Salmonella Braenderup H9812, digested with XbaI enzyme (Promega, Milan, Italy), was used as the standard molecular weight marker. The gel was stained with SYBR Safe DNA gel stain (Invitrogen, Cergy Pontoise, France) and photographed on a UV transilluminator (Alpha Innotech Corporation, San Leandro, CA, USA). The image analysis was performed using Bionumerics program v. 6.6 (Applied Maths NV, Sint-Martens-Latem, Belgium). The similarity analysis was carried out using the Dice coefficient (position tolerance, 1%). The unweighted pair group mathematical average was used to cluster patterns. Isolates with <90% similarity were clustered as separate pulsotypes.
MLST Analysis
Multilocus sequence typing was performed as reported by Dingle et al. (2001) for all C. jejuni isolates. MLST amplified a segment of seven housekeeping genes: aspA (aspartase, 477 bp), glnA (glutamine synthase, 477 bp), gltA (citrate synthase, 402 bp), glyA (serine hydroxyl methyl transferase, 507 bp), pgm (phosphor glucomutase, 498 bp), tkt (transketolase, 459 bp), and uncA (ATP synthase, alpha subunit, 489 bp) to yield a total composite sequence length (all seven loci) of 3309 bp. PCRs and sequencing reactions were carried out according to the guidelines on the Campylobacter MLST website.

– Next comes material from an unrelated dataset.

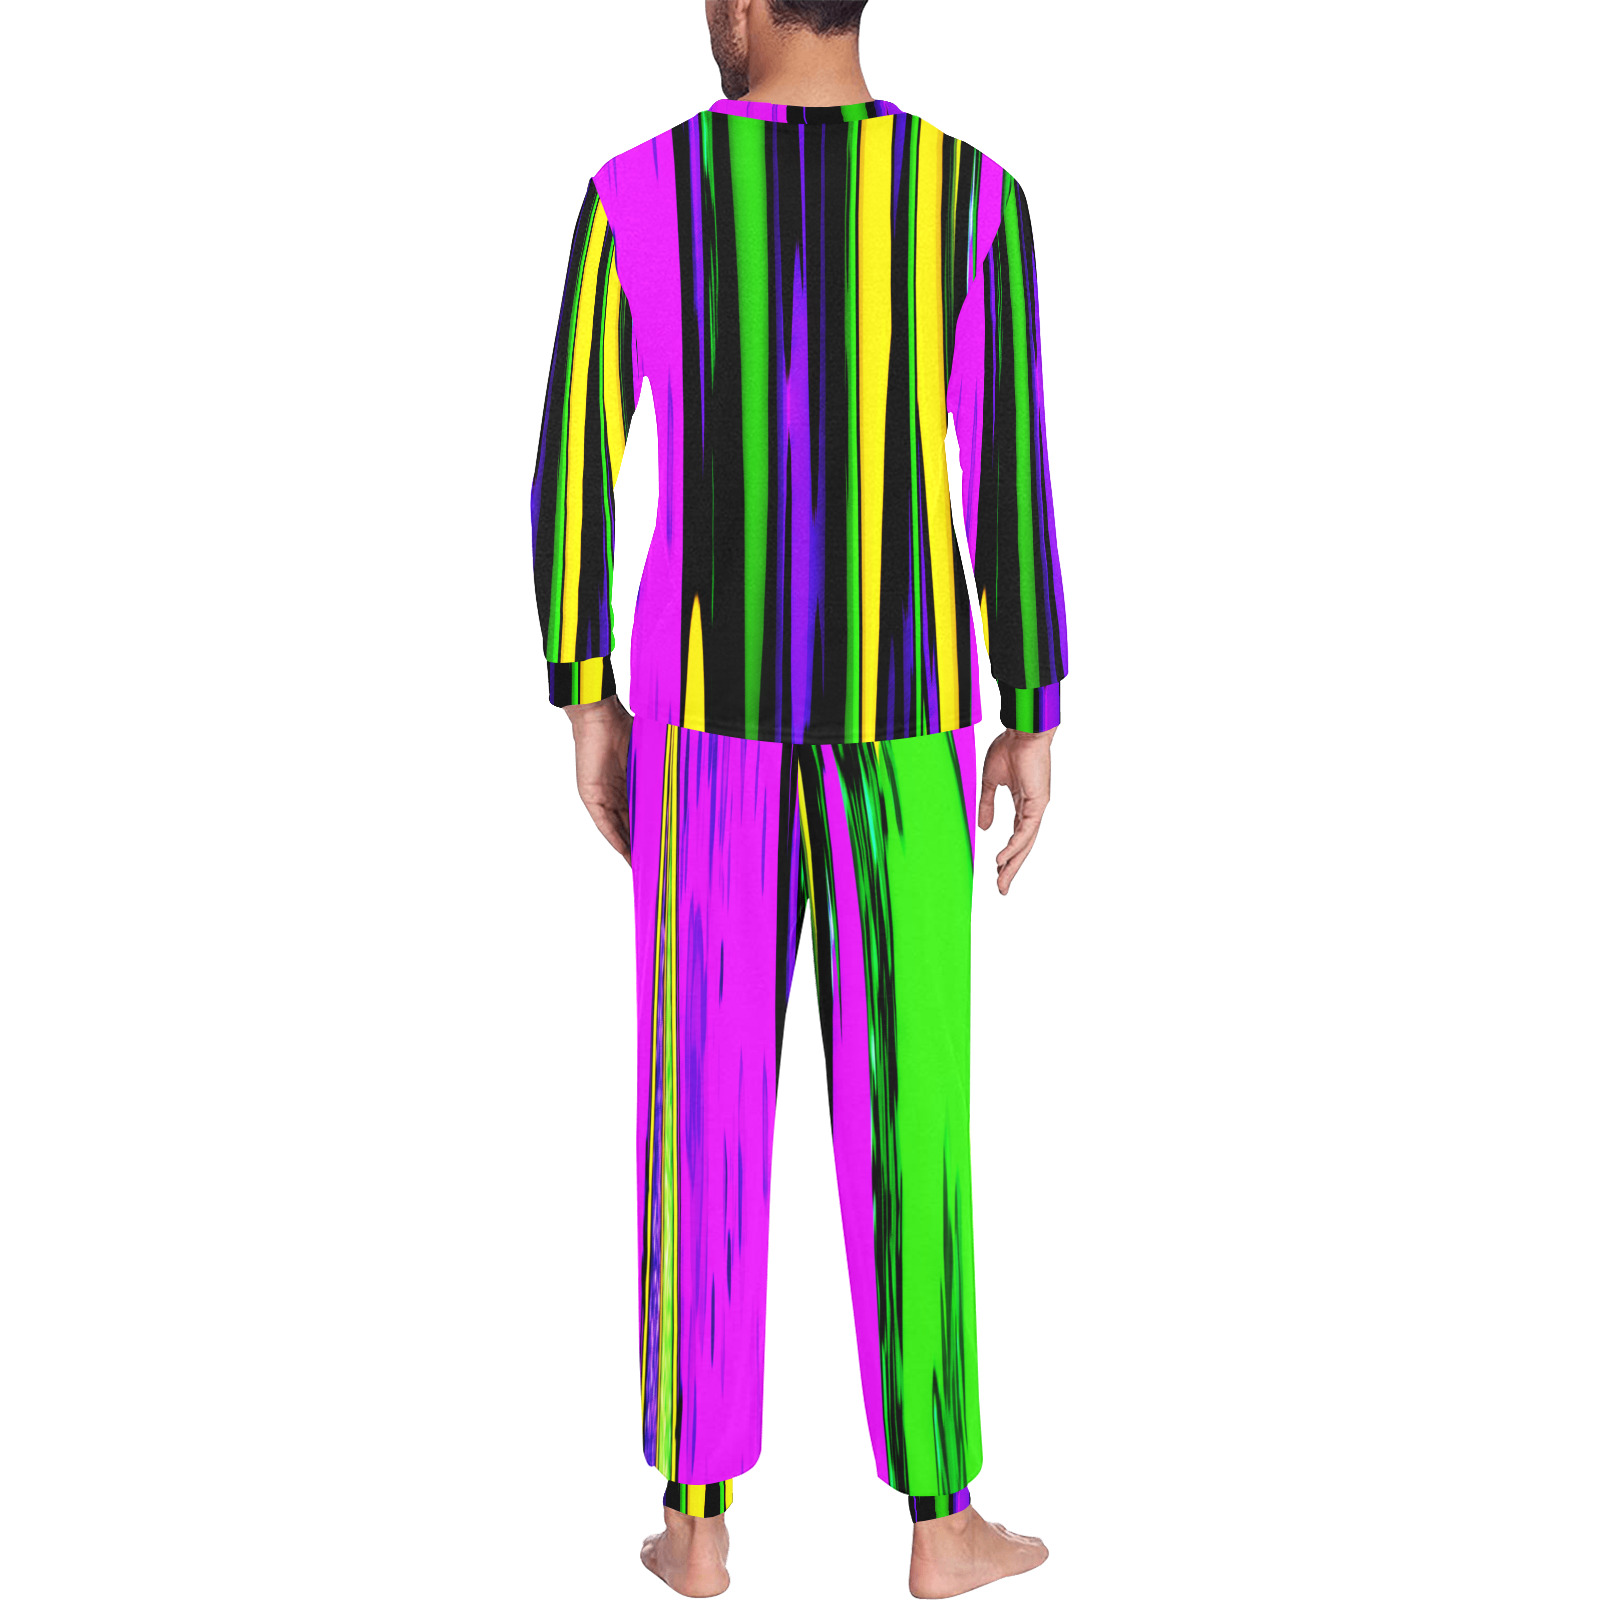 Mardi Gras Stripes Men's All Over Print Pajama Set with Custom Cuff

Briefly, purified PCR products were sequenced using an ABI PRISM BigDye® Terminator 3.1 Cycle Sequencing Kit (Applied Biosystems, Foster City, CA, USA) according to the manufacturer’s instructions and then analyzed by the ABI PRISM 3500 Genetic Analyzer (Applied Biosystems, Foster City, CA, USA). The alleles, STs, and CCs were identified using the MLST database1 Novel alleles were submitted to the PubMLST C. jejuni/C. coli database curators for number assignment.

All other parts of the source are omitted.